Money market funds also known as money market mutual funds are open-ended mutual funds. These form of market funds target short-term debt security investments. In comparison, the above market funds provide the same security as bank deposits and provide high returns. The money market funds are controlled in the United States under the Investment Company Act of 1940. They provide liquidity to financial intermediaries.
Money market funds invest in Securities such as commercial paper, short-term bonds, repurchase agreements, US Treasury bills and other money funds. The security these funds provide arise from the fact that they cap credit, market, and liquidity risks. Money market funds maintain a value of $1 per share so that the funds can pay dividends to investors. Money market funds buy the highest rated debt and mature in 13 months. Another requirement for these funds is the need to maintain a 2-month period as the weighted average maturity time. At the same time, you cannot use the funds to invest more than 5% in any other issuer rather than government securities and repurchase agreements.
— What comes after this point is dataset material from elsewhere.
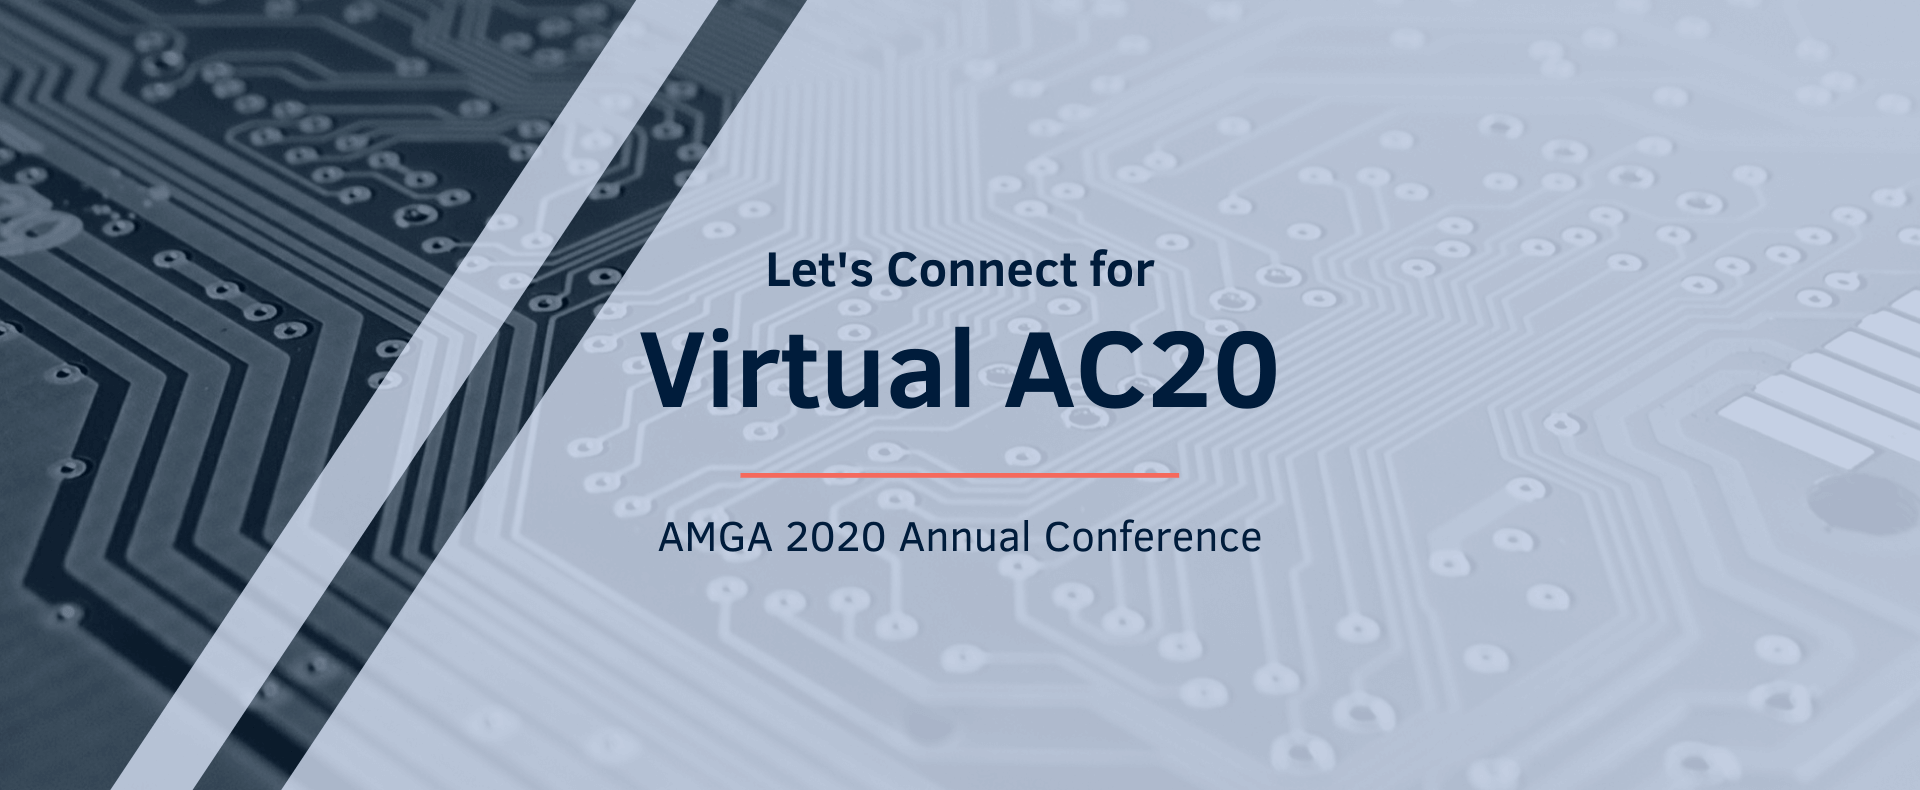 Virtual AMGA 2020 Landing Page
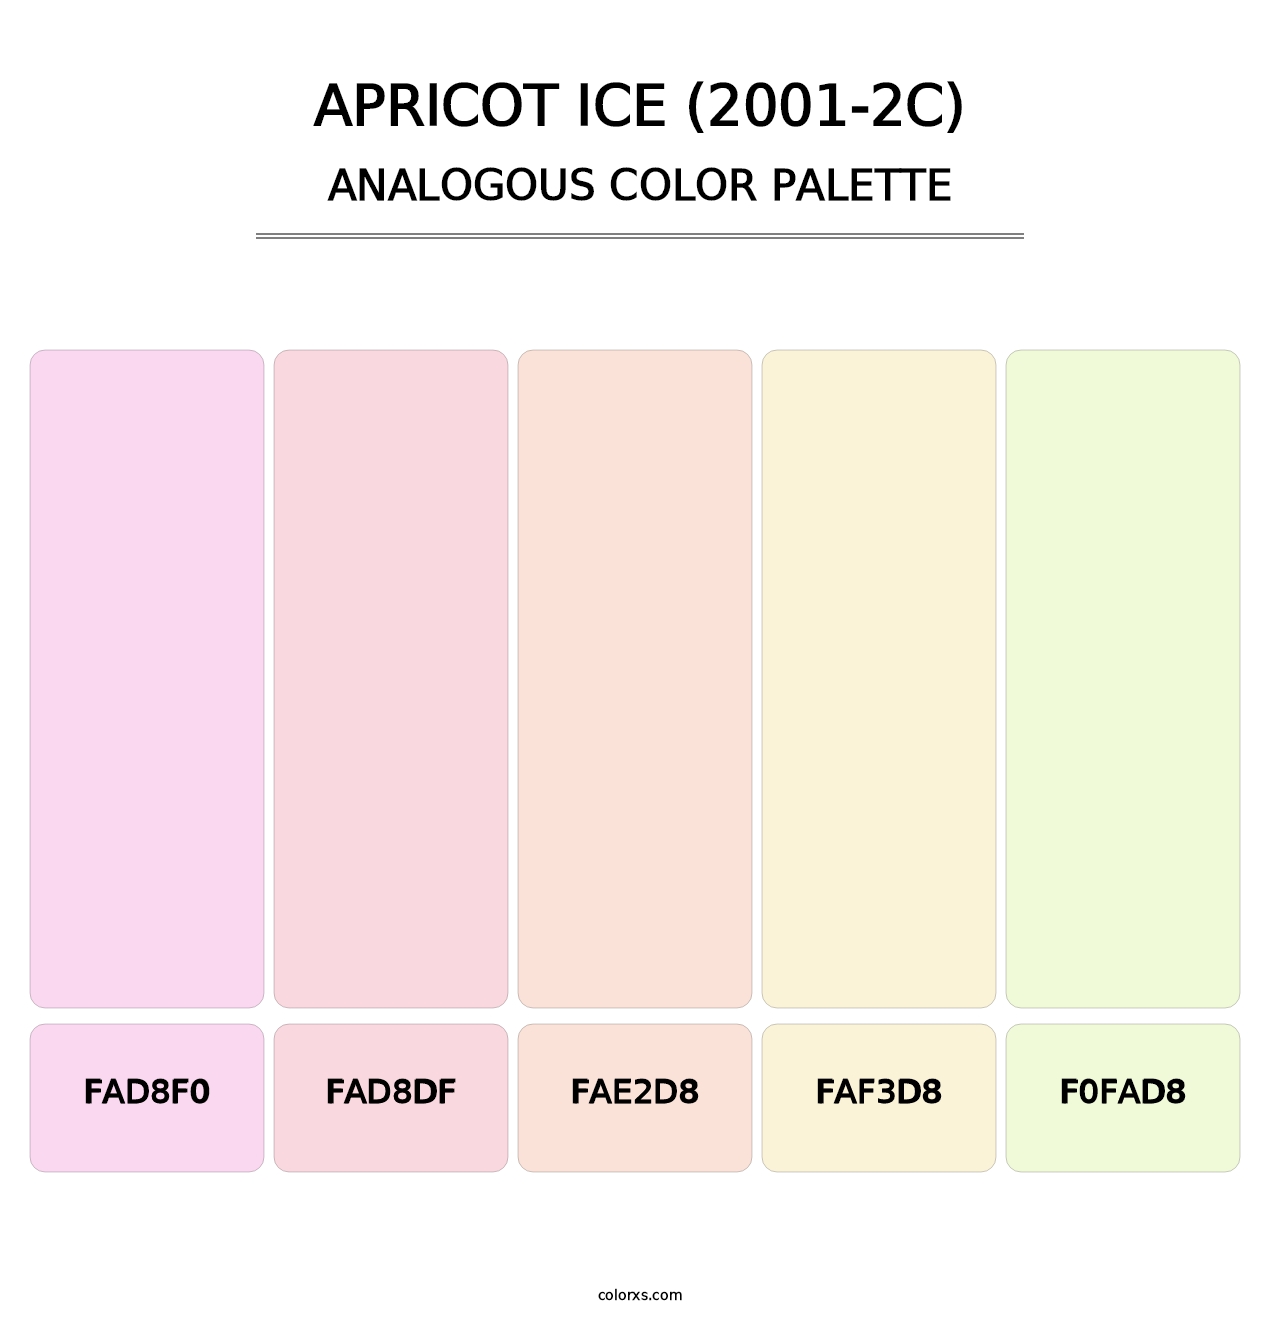 Apricot Ice (2001-2C) - Analogous Color Palette

The first money market was established in 1971. by The idea was to offer investors who were interested in saving their cash a way to earn a small rate of return. It took a short period to establish other funds, and the market grew significantly. Money market funds made mutual funds popular which were not utilized before. Money market funds aim never to lose money by seeking a stable net asset value.The money market funds is a financial product that was recognized by the American Museum of Financial History due to its importance and impact on the nation’s financial history. Currently, the product serves tens of millions of investors, and the industry is now worth more than $3.0 trillion.
Bruce Bent II is a businessman and financial expert who truly undestands investments and money market funds. Bruce II owns a Bachelor of Science in Philosophy from Northeastern University. He is the Vice Chairman and President of Double Rock Corporation. He is also the pioneer in the cash management and retirement services businesses. He is a visionary and possesses entrepreneurial skills that have led him to invent relevant products and technologies in the financial services industry.